#### PROVIDED INFORMATION
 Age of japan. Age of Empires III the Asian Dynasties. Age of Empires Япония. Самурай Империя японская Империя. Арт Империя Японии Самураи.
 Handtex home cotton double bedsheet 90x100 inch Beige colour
* * *
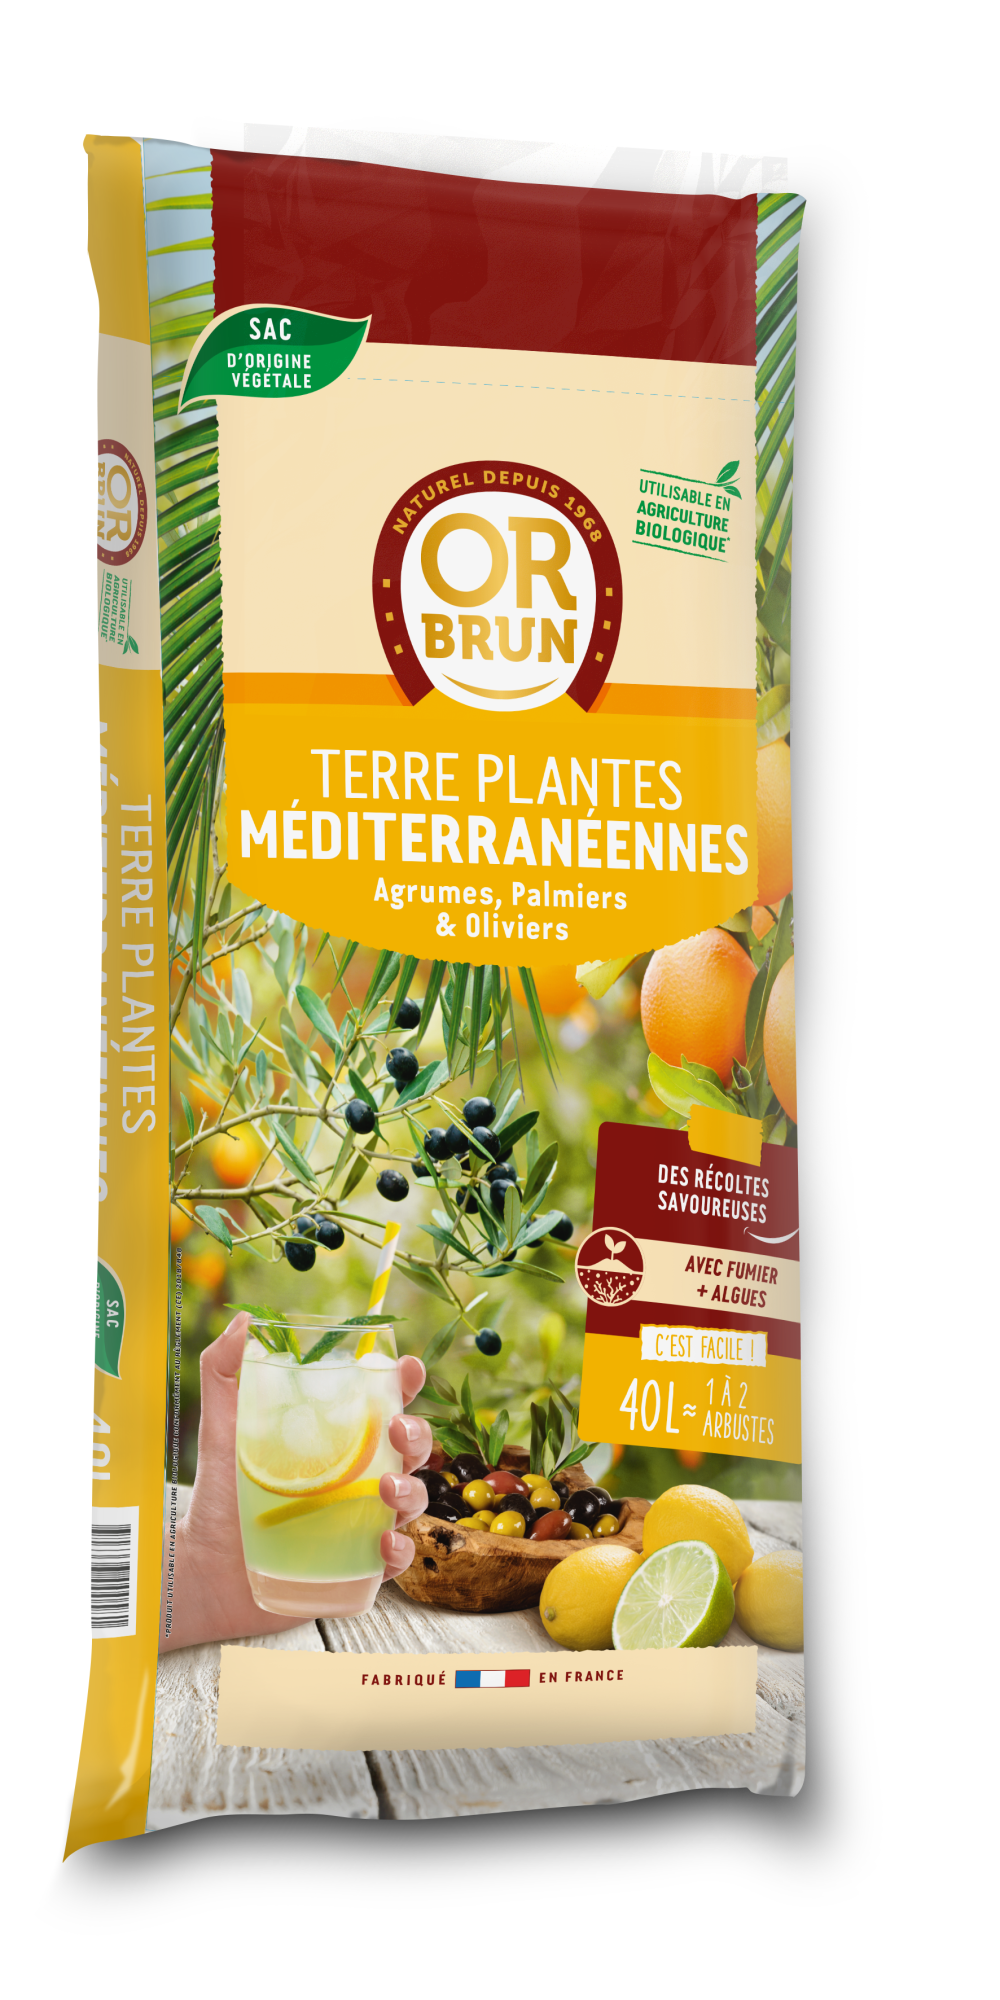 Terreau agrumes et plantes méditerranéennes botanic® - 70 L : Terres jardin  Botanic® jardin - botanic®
--
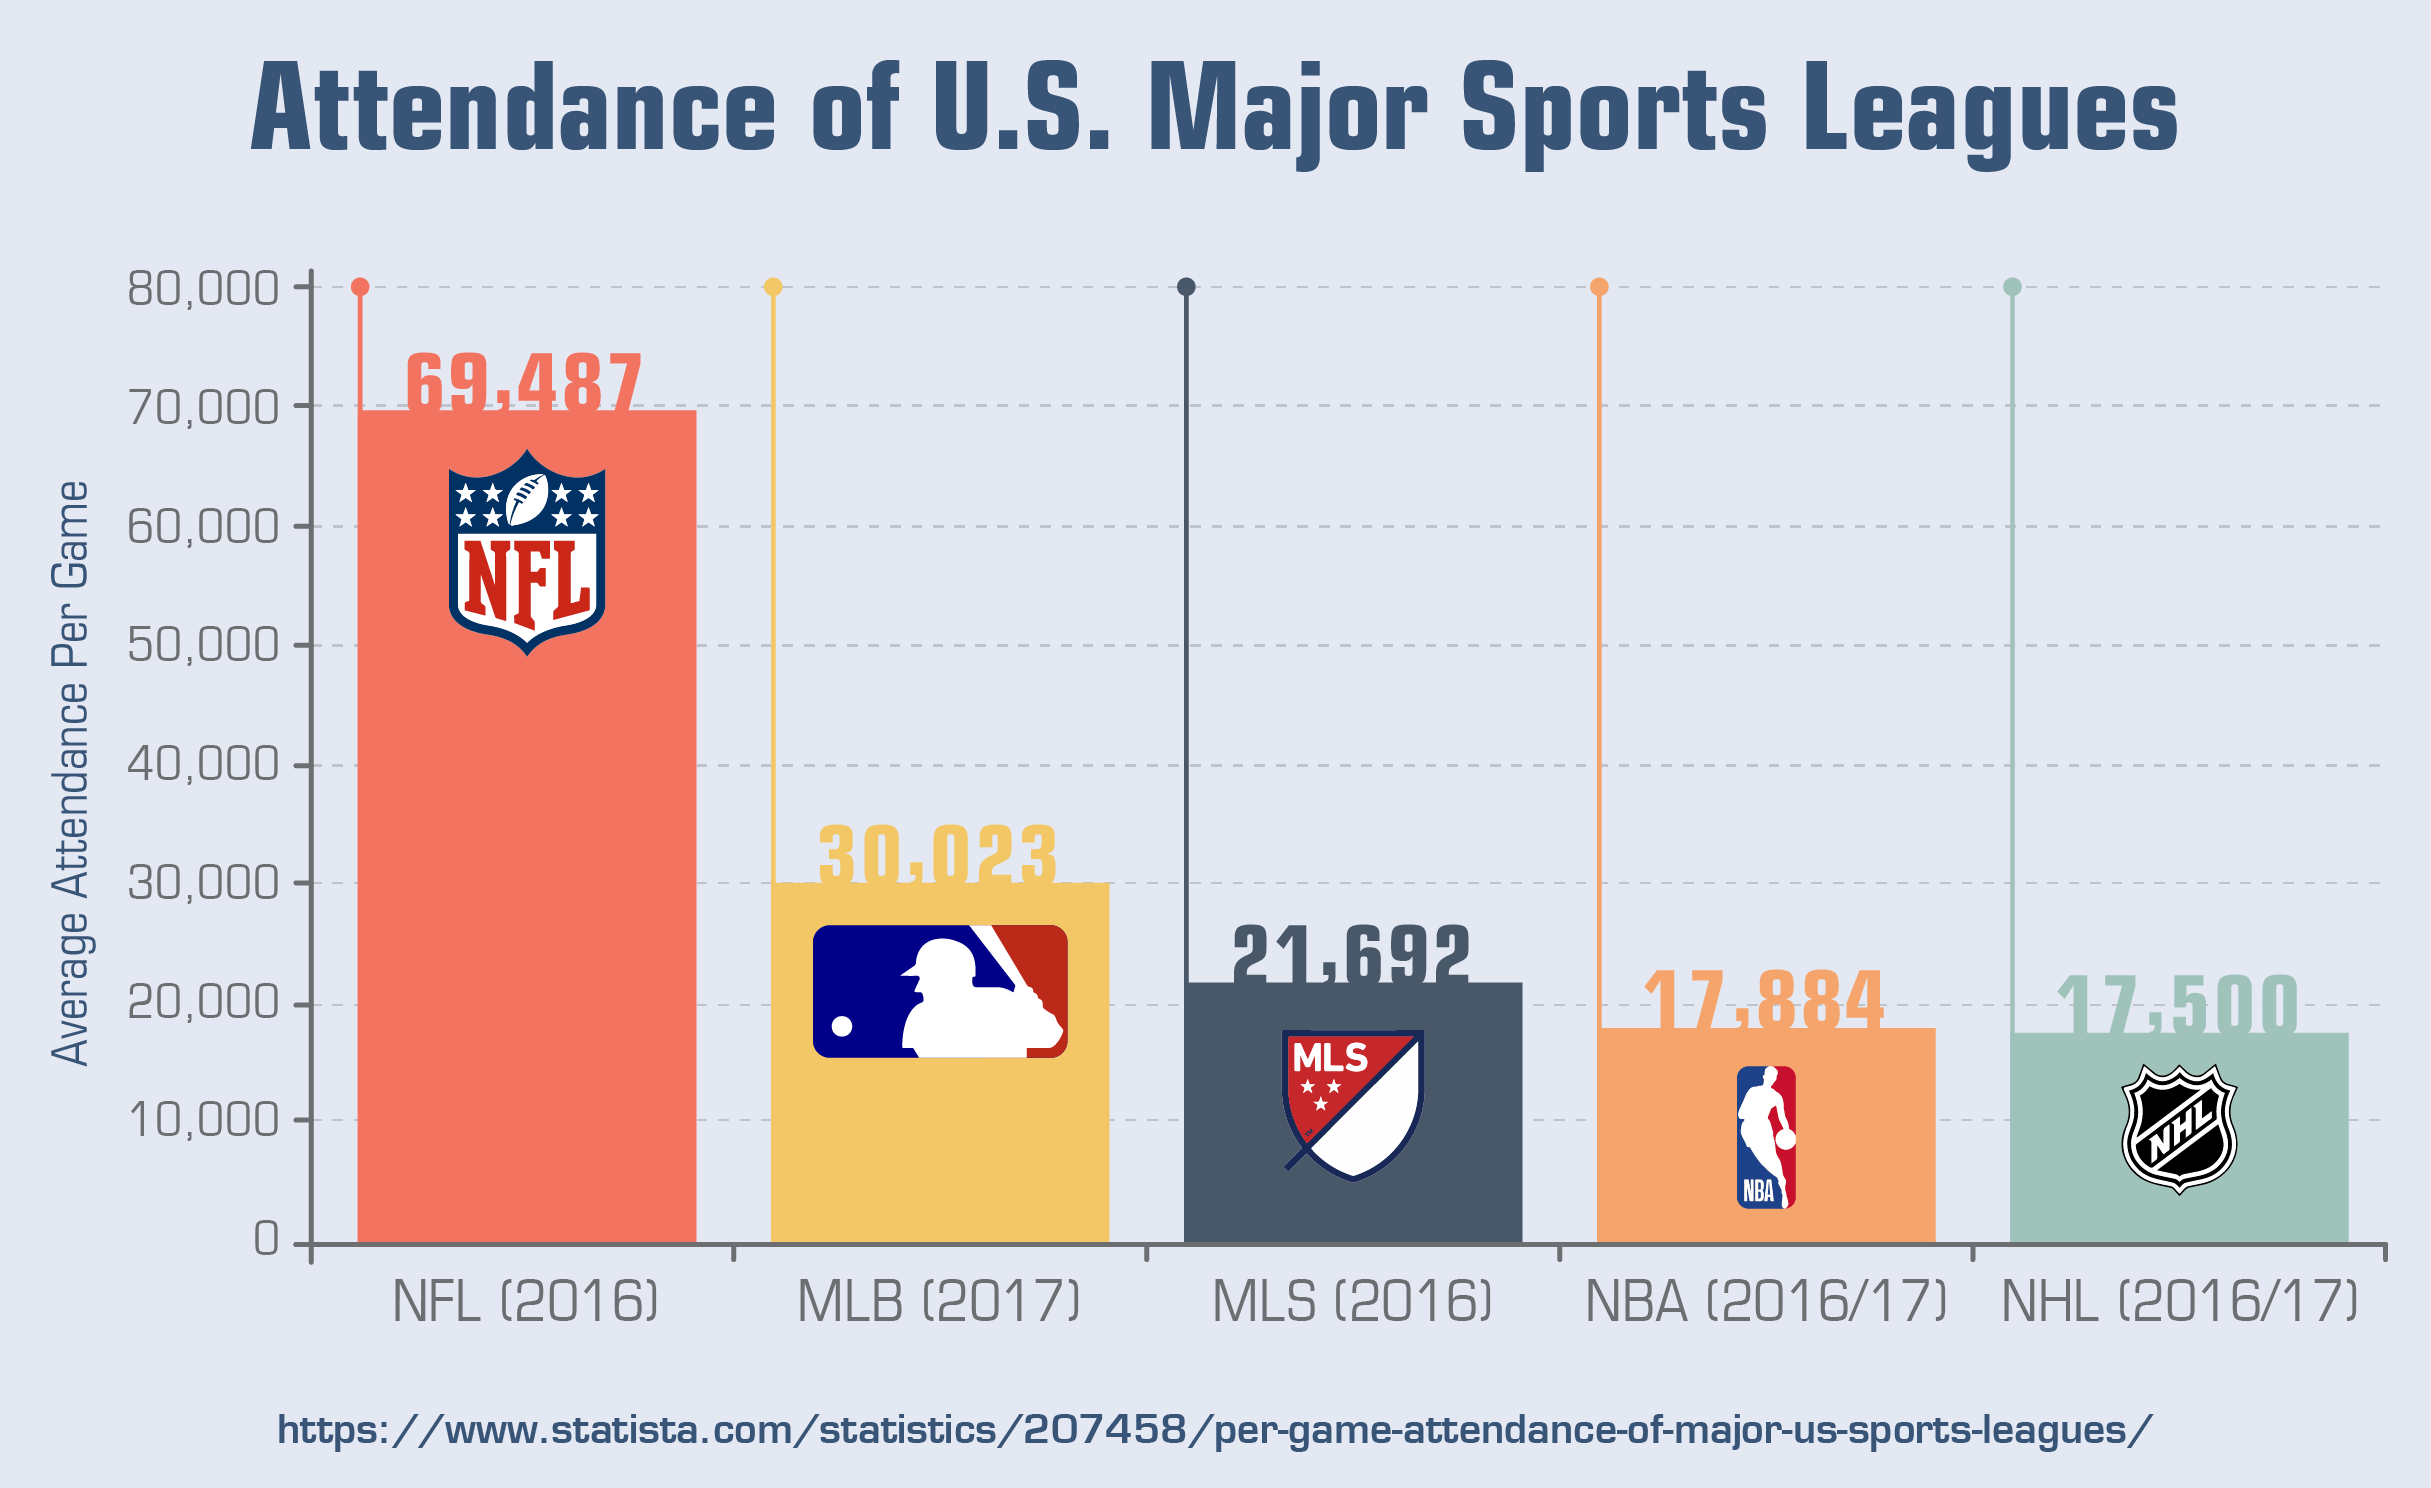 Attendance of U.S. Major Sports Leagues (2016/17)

#### WHAT TO WORK ON
Beginning at the line with "Age of japan." and ending at the line with "Handtex home cotton", reproduce each line of the data above exactly, and add no other lines.

#### EXERCISE OUTPUT
 Age of japan. Age of Empires III the Asian Dynasties. Age of Empires Япония. Самурай Империя японская Империя. Арт Империя Японии Самураи.
 Handtex home cotton double bedsheet 90x100 inch Beige colour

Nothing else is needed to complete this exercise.